In a recent development that sent shockwaves through the pharmaceutical industry, Novavax Inc (NASDAQ: NVAX) saw a 20% drop in its shares on Friday. The cause? The Food and Drug Administration (FDA) raised concerns about the potential risk of heart inflammation linked to Novavax’s COVID-19 vaccine. This revelation came as part of a briefing document released by the FDA, which is preparing for a crucial meeting on June 7 to decide whether to grant emergency use approval for Novavax’s vaccine. It’s important to note that this vaccine has already been approved for use in Australia, India, and most of Europe.
FDA Expresses Concerns
The FDA’s briefing document didn’t mince words. It noted that multiple cases of myocarditis and pericarditis had been reported in temporal relation to Novavax’s vaccine. Even more concerning, the FDA suggested that some of these cases might be potentially linked to vaccination.
What’s interesting to point out is that heart inflammation has been identified in rare cases after vaccinations with mRNA technology, a type of technology that Novavax’s vaccine does not employ. The FDA’s briefing document made it clear that, if causally related, the risk of myocarditis could potentially be higher for Novavax’s vaccine than reported. Notably, there haven’t been any reported instances of pre-authorization myocarditis associated with mRNA vaccines.
In response to these concerns, Novavax released a statement on Friday. The company highlighted data from its placebo-controlled studies, indicating that the rate of myocarditis was balanced between the vaccine and placebo groups, at 0.007% and 0.005%, respectively. Moreover, Novavax pointed out that cases of myocarditis observed in the post-crossover phase of their studies fell within the expected rate.
Novavax expressed its belief that, based on an interpretation of all the clinical data, which involved more than 50,000 participants in clinical trials, there was insufficient evidence to establish a causal relationship between the vaccine and heart inflammation. They also reassured the public that they would continue to closely monitor all adverse events, including incidents of myocarditis and pericarditis.
Novavax’s COVID-19 vaccine, known as NVX-CoV2373 or Nuvaxovid, had been licensed or authorized in several countries, and deals were made to supply the vaccine to various nations. Some of the brands and countries that secured Novavax’s vaccine for their populations include:
- Covovax (Developed by Bharat Biotech in India): Bharat Biotech, an Indian vaccine manufacturer, partnered with Novavax to produce Covovax. It received emergency use authorization in India.

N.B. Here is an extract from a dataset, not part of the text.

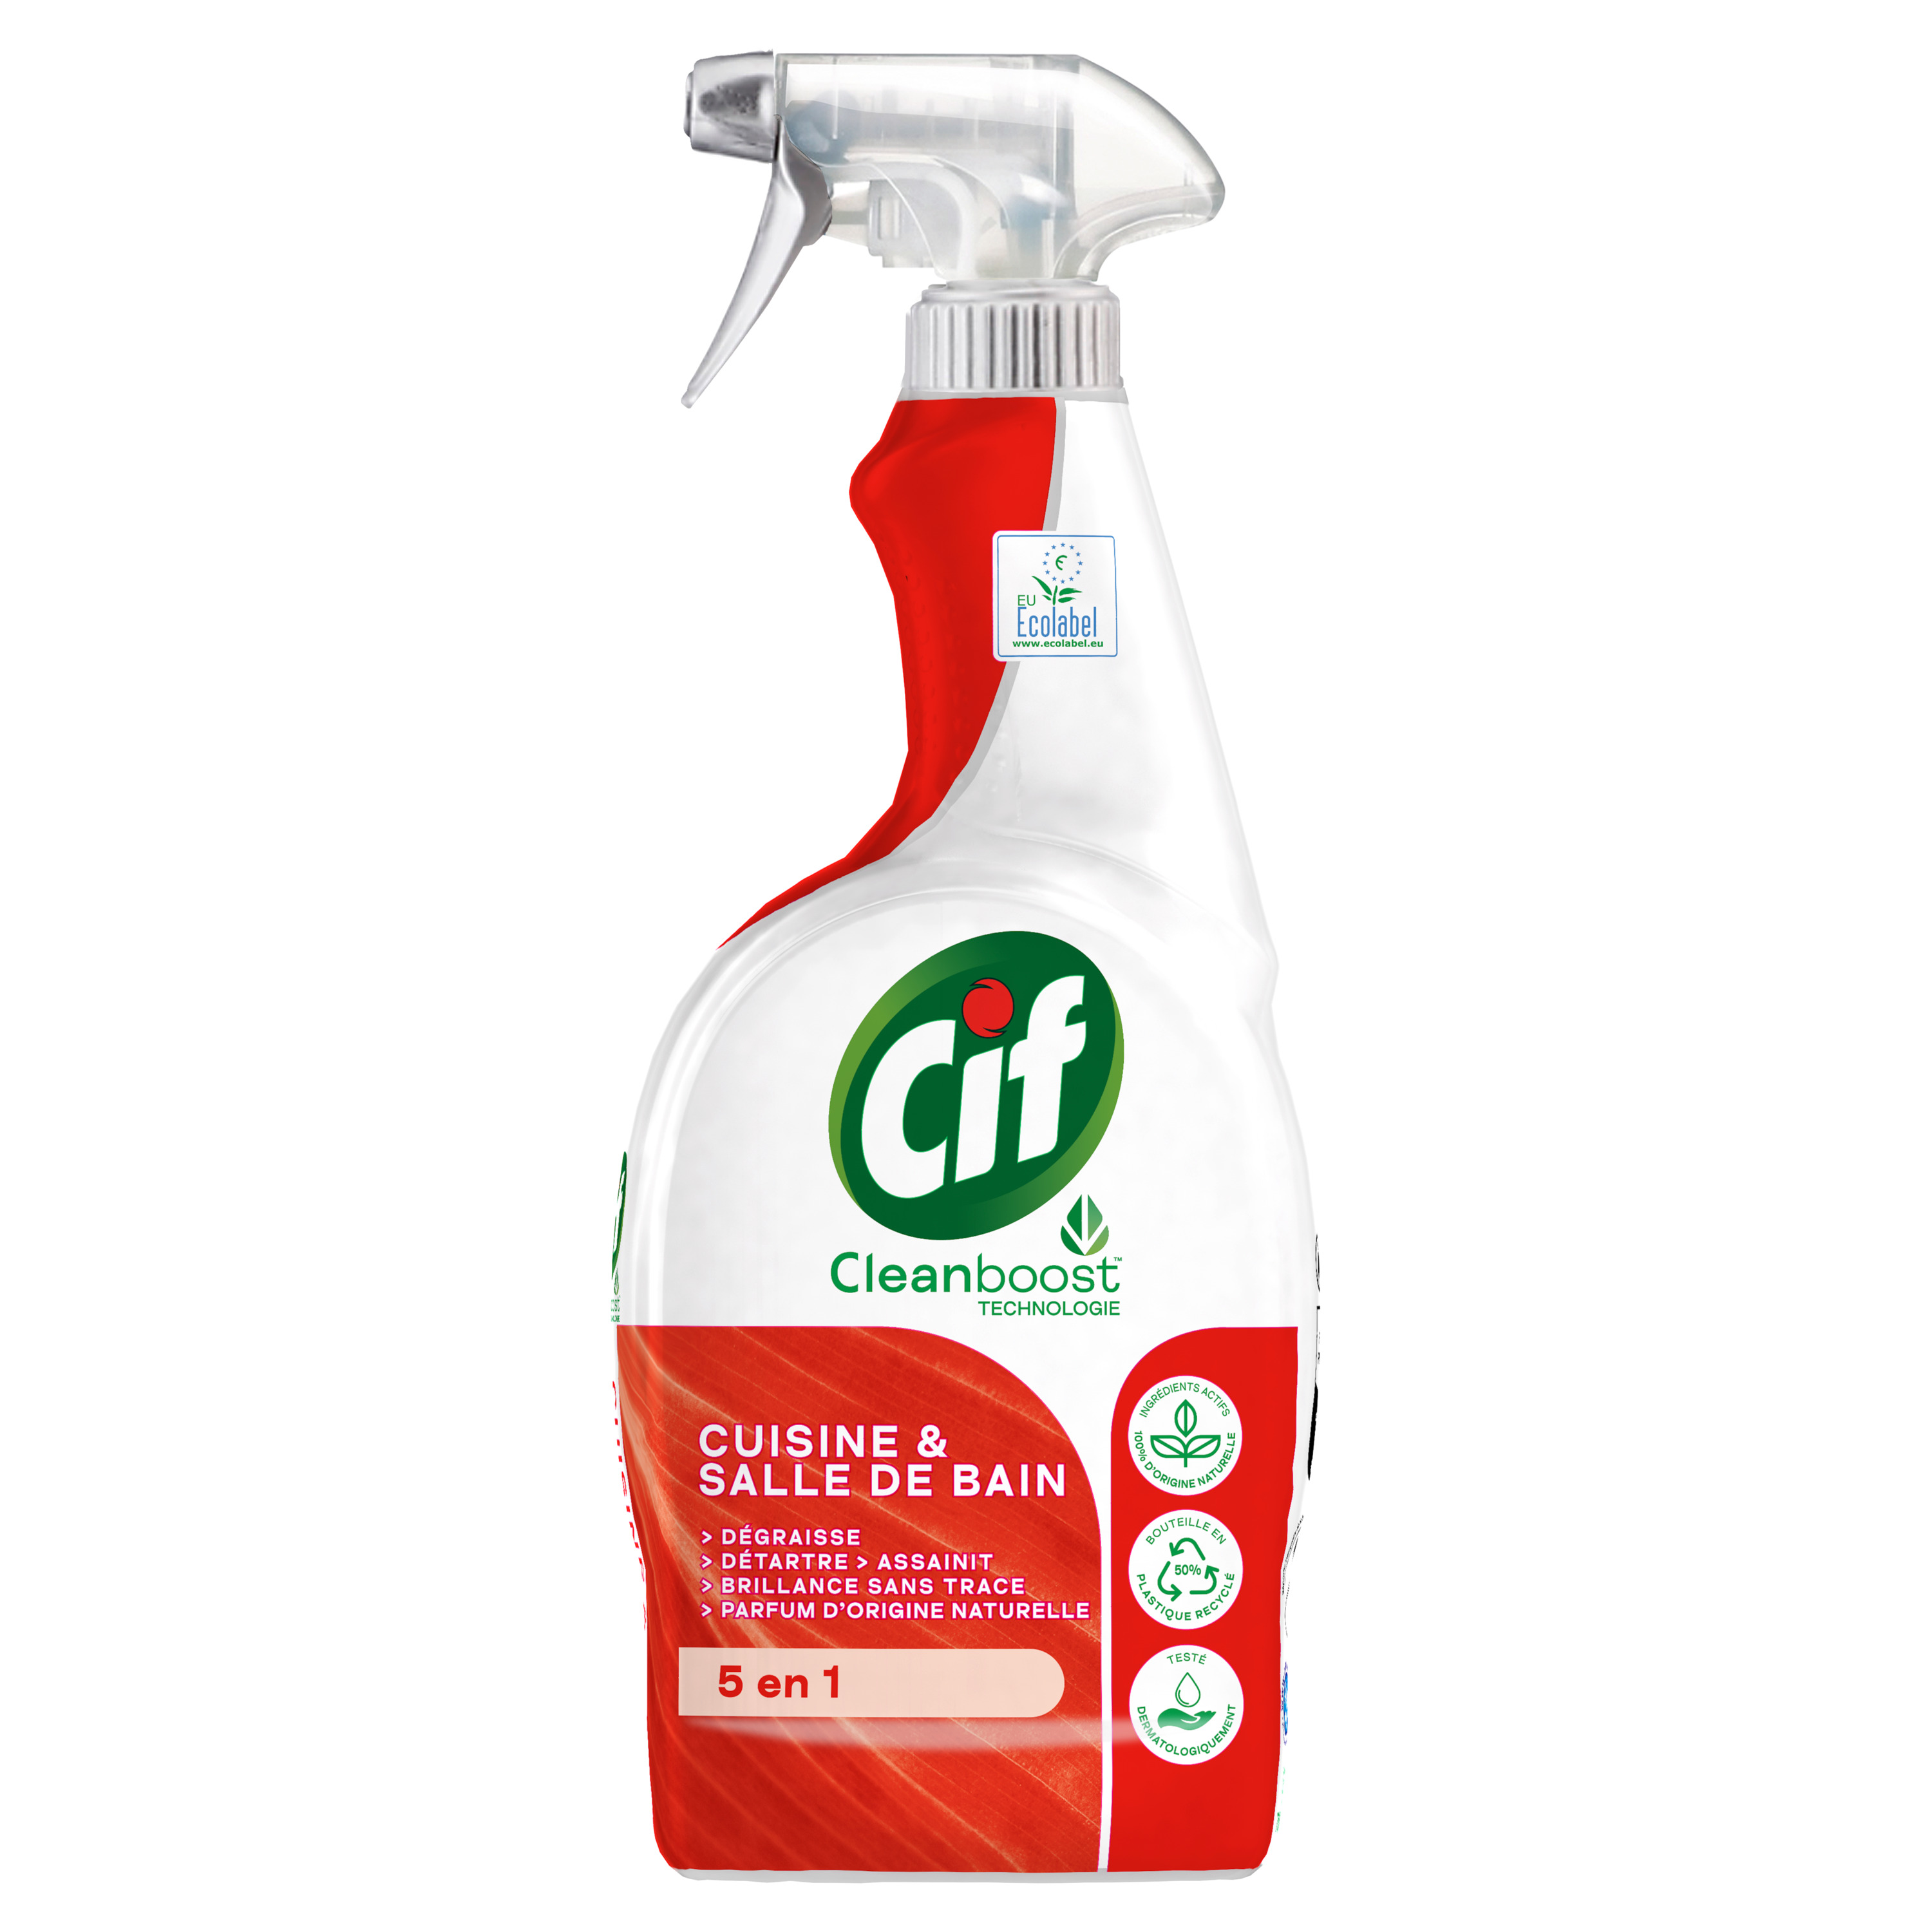 CIF Spray nettoyant avec javel efficacité et brillance 750ml pas cher

- Nuvaxovid (Developed by Novavax): Novavax’s vaccine received approval in several countries, including Australia, India, and many countries in Europe.
- Covovax (Developed by Novavax and produced by Serum Institute of India): The Serum Institute of India, the world’s largest vaccine manufacturer, collaborated with Novavax to produce and distribute the vaccine under the brand name “Covovax.” It was authorized for emergency use in India and several other countries.

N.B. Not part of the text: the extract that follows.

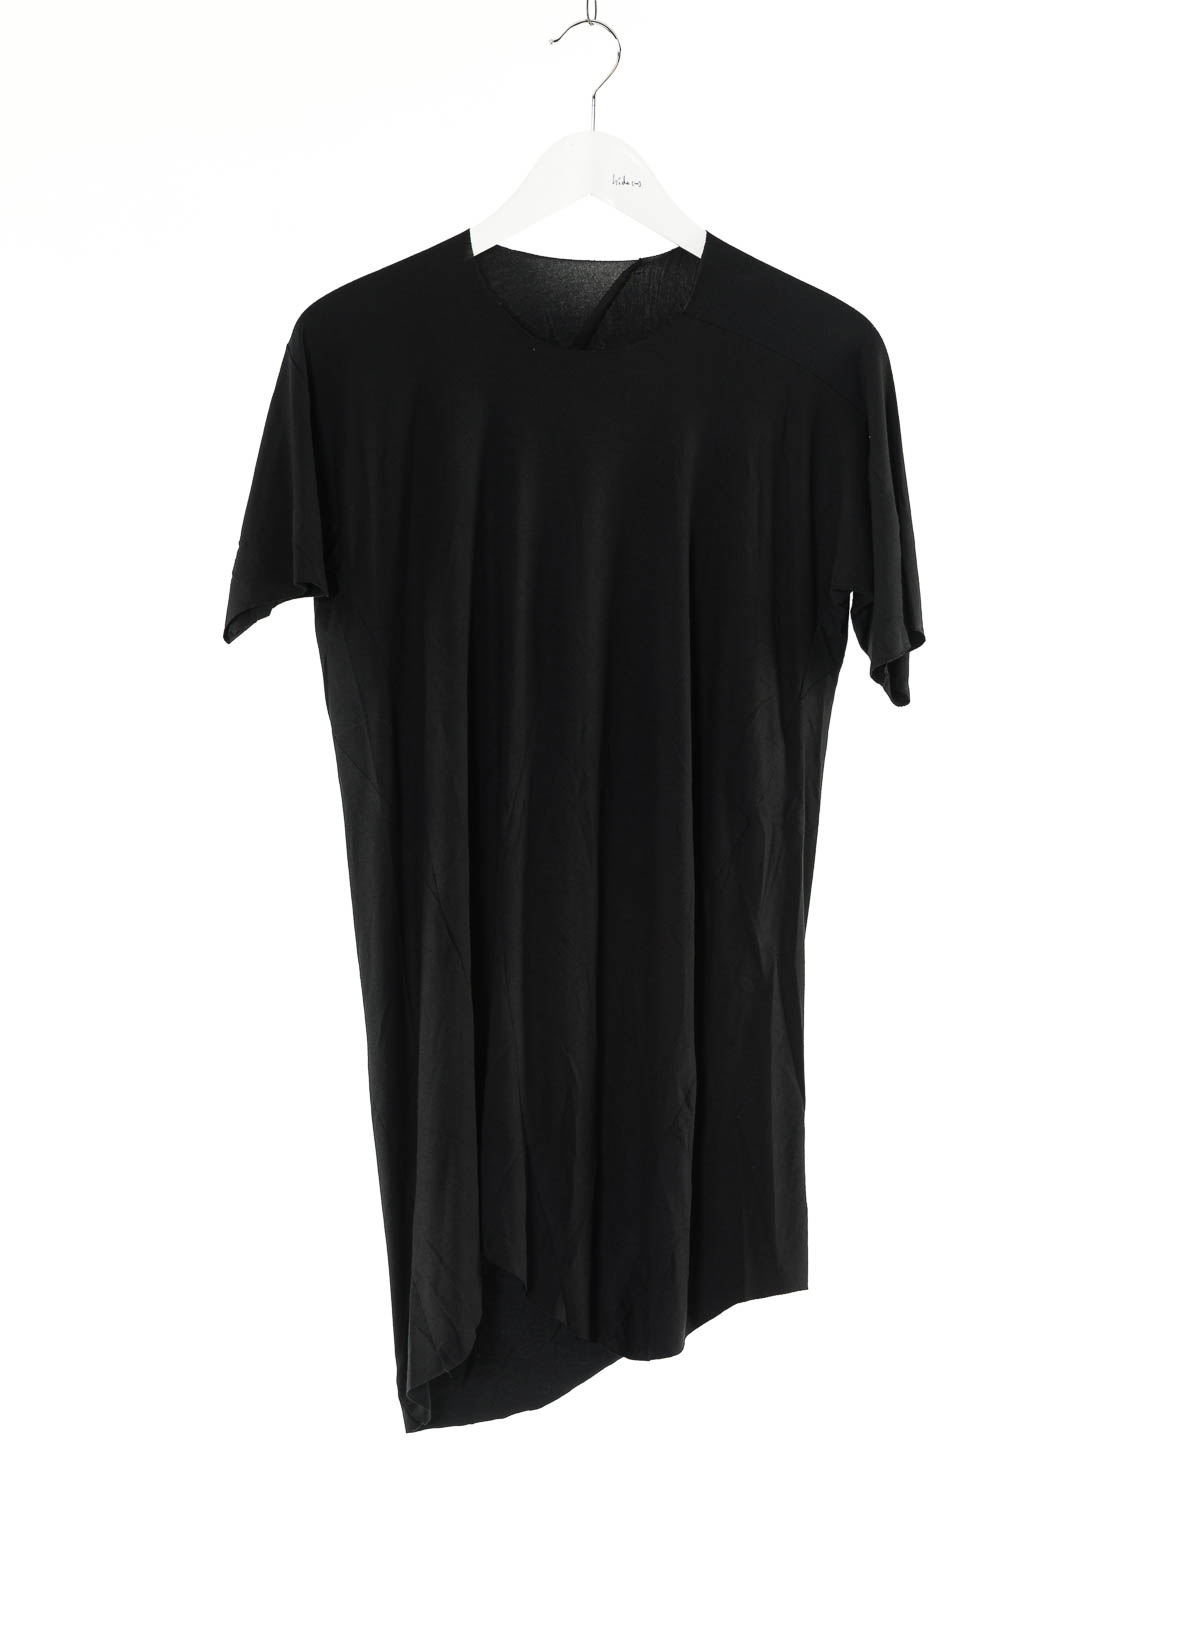 hide-m | LEON EMANUEL BLANCK Distortion Curved T-Shirt, black

- Nuvaxovid (Developed by Novavax and produced in the Czech Republic): Novavax partnered with the Czech company, Unipetrol, to manufacture Nuvaxovid for distribution in Europe.
- Novavax (Developed by Novavax and produced in South Korea): Novavax reached an agreement with South Korea’s SK Bioscience for the production and distribution of Novavax’s vaccine.
- Novavax (Developed by Novavax and produced in Japan): Takeda Pharmaceutical, a Japanese pharmaceutical company, secured a deal to manufacture and distribute Novavax’s COVID-19 vaccine in Japan.
The FDA’s concerns about heart inflammation associated with Novavax’s COVID-19 vaccine have certainly raised questions and cast a shadow over the vaccine’s path to approval. As the June 7 meeting approaches, all eyes will be on the FDA’s decision and how Novavax responds to the regulatory scrutiny. In the meantime, this development underscores the importance of thorough safety evaluations as the world continues to navigate the complex landscape of COVID-19 vaccines.